## EXERCISE PROMPT
Only the lines from the one containing "Contact us: sponsors@cloudtechtallinn.com" to the end of the material are to be copied, exactly and in full; images stay out.

## DATA RECORDS
· · · · ·

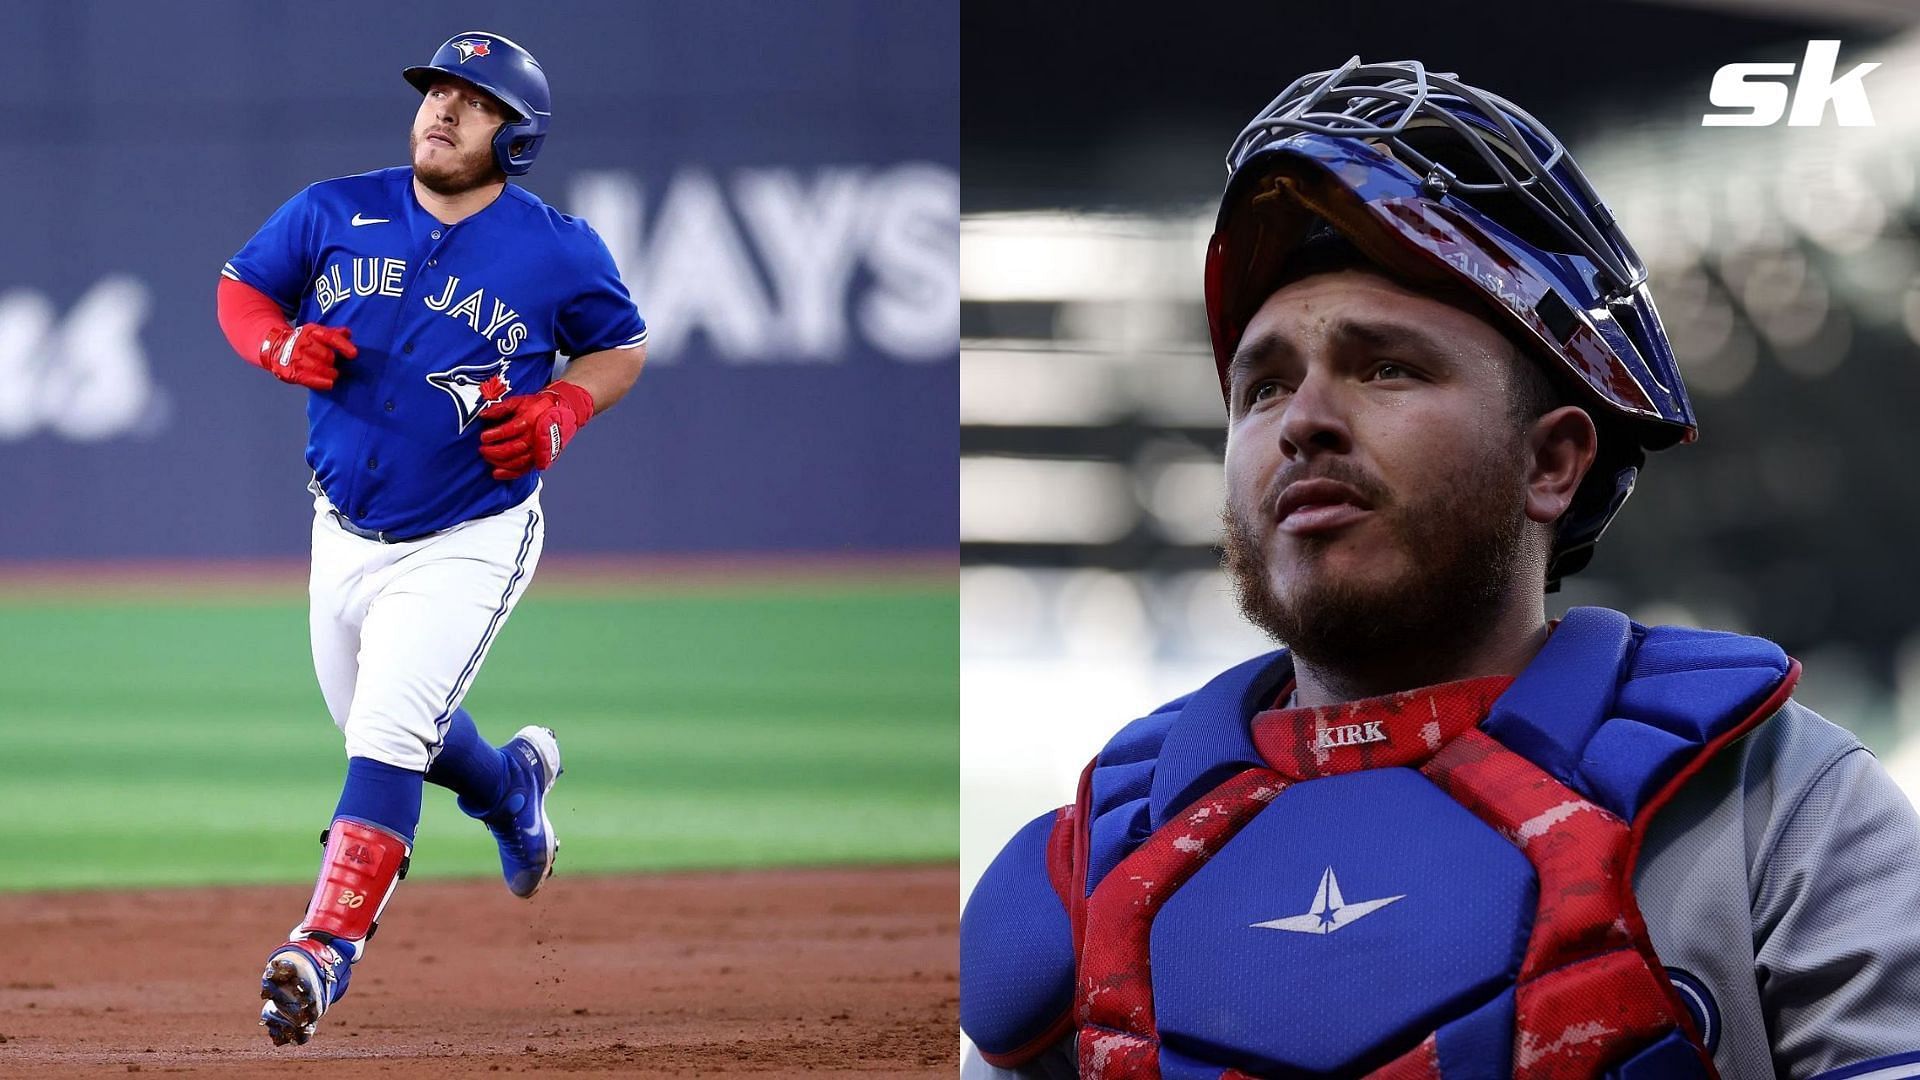 Alejandro Kirk injury update: Alejandro Kirk Injury Update: Health status  and recovery time for Toronto Blue Jays star catcher placed on IL
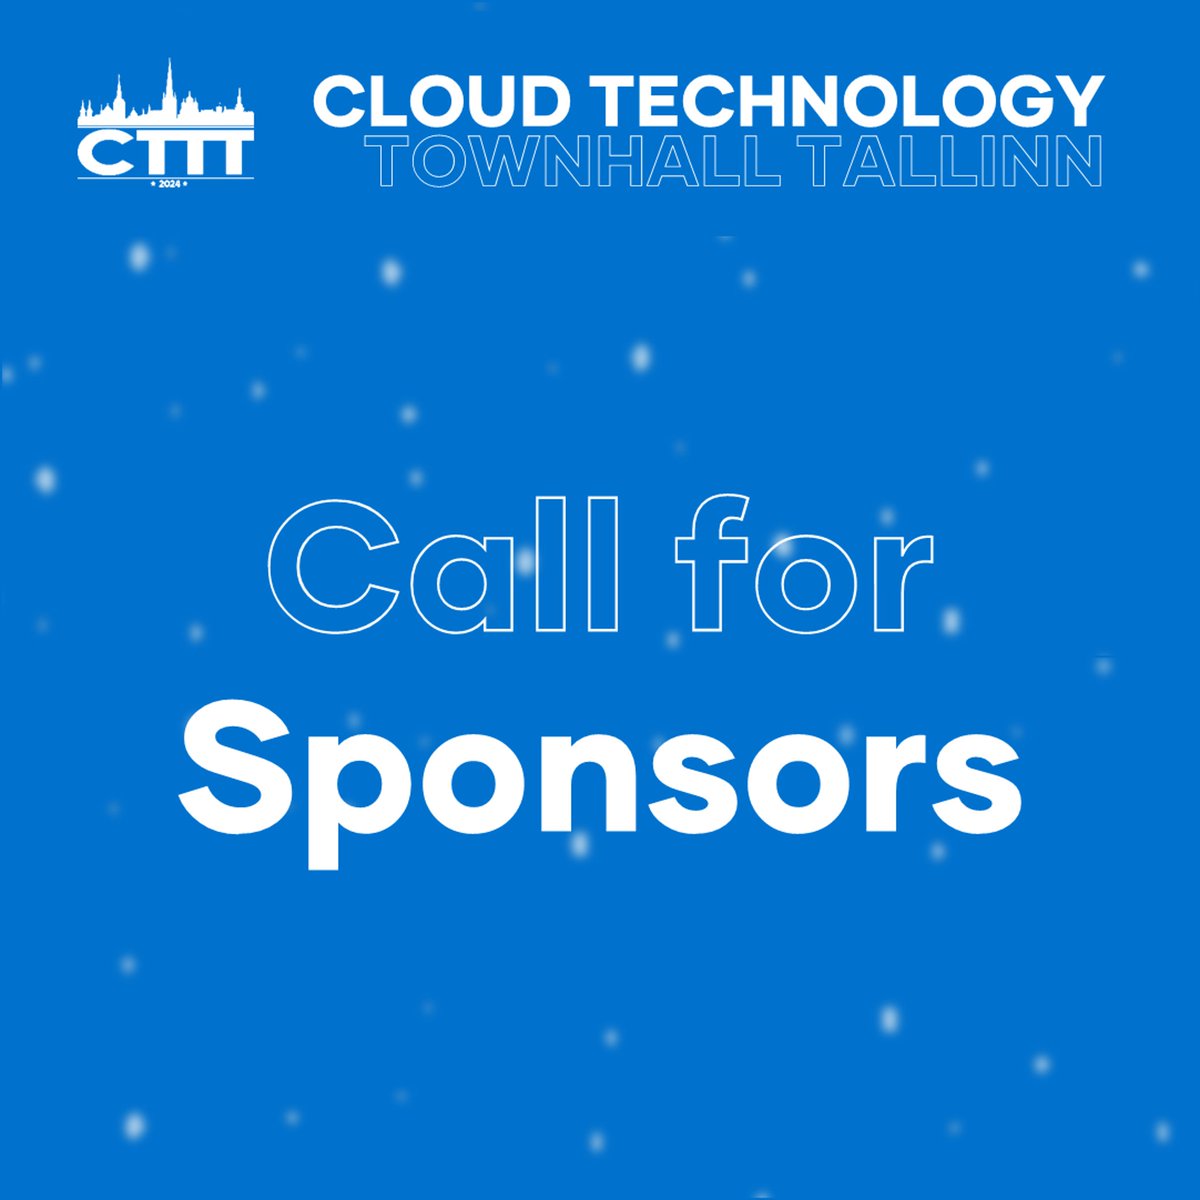 Our call for sponsors is open and we are looking for partners to make  #CTTT24 the best it can be!

Spread the word! 😉

Contact us: sponsors@cloudtechtallinn.com

#BusinessApplications #Automation #Data #Reporting #M365 #Security #Community #Business #VisitTallinn #Tallinn
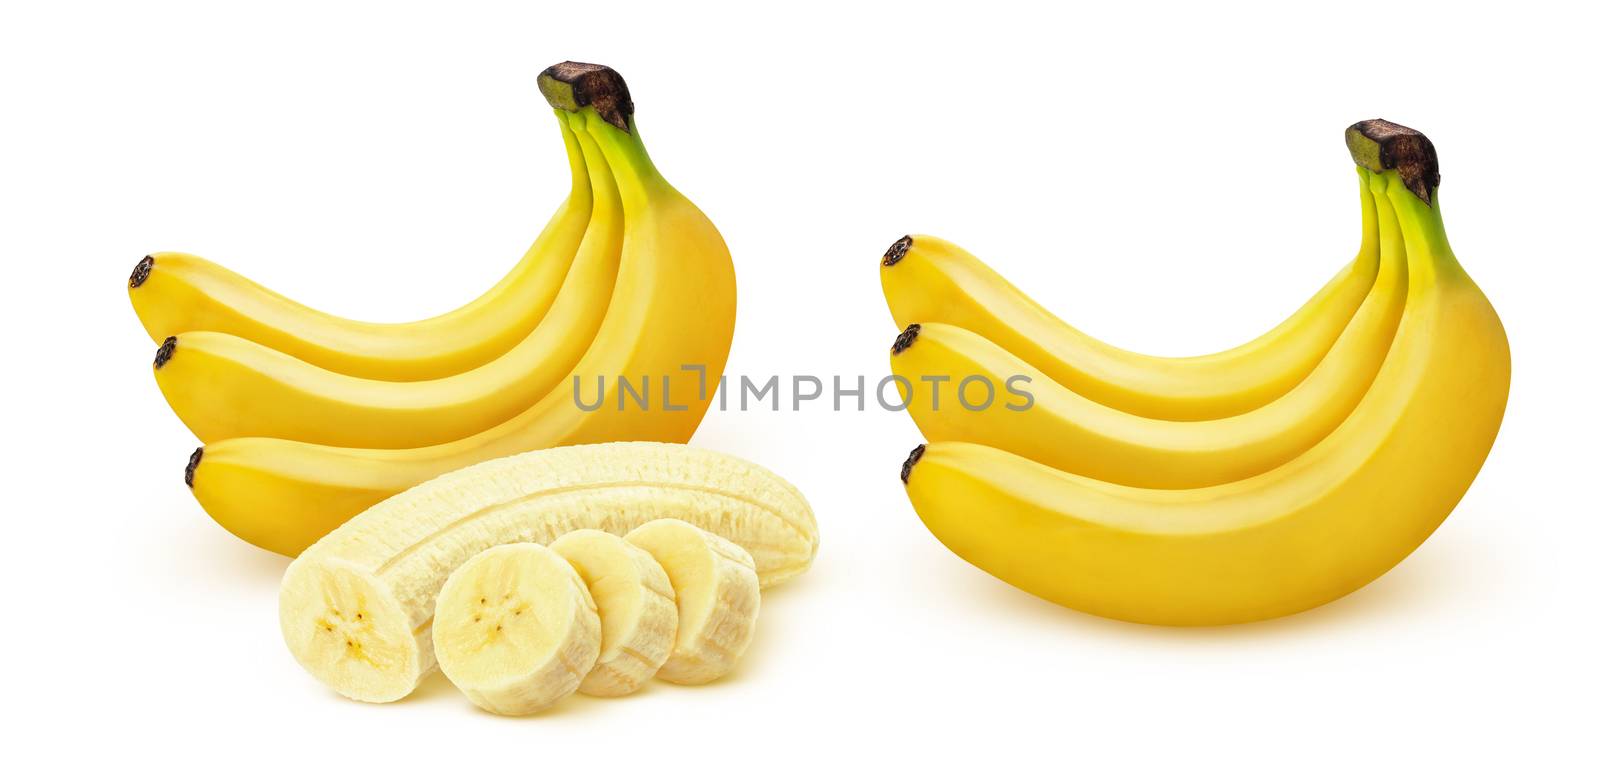 Banana. Bunch of bananas isolated on white background with clipping path

· · · · ·

## ANSWER
Contact us: sponsors@cloudtechtallinn.com

#BusinessApplications #Automation #Data #Reporting #M365 #Security #Community #Business #VisitTallinn #Tallinn
 Banana. Bunch of bananas isolated on white background with clipping path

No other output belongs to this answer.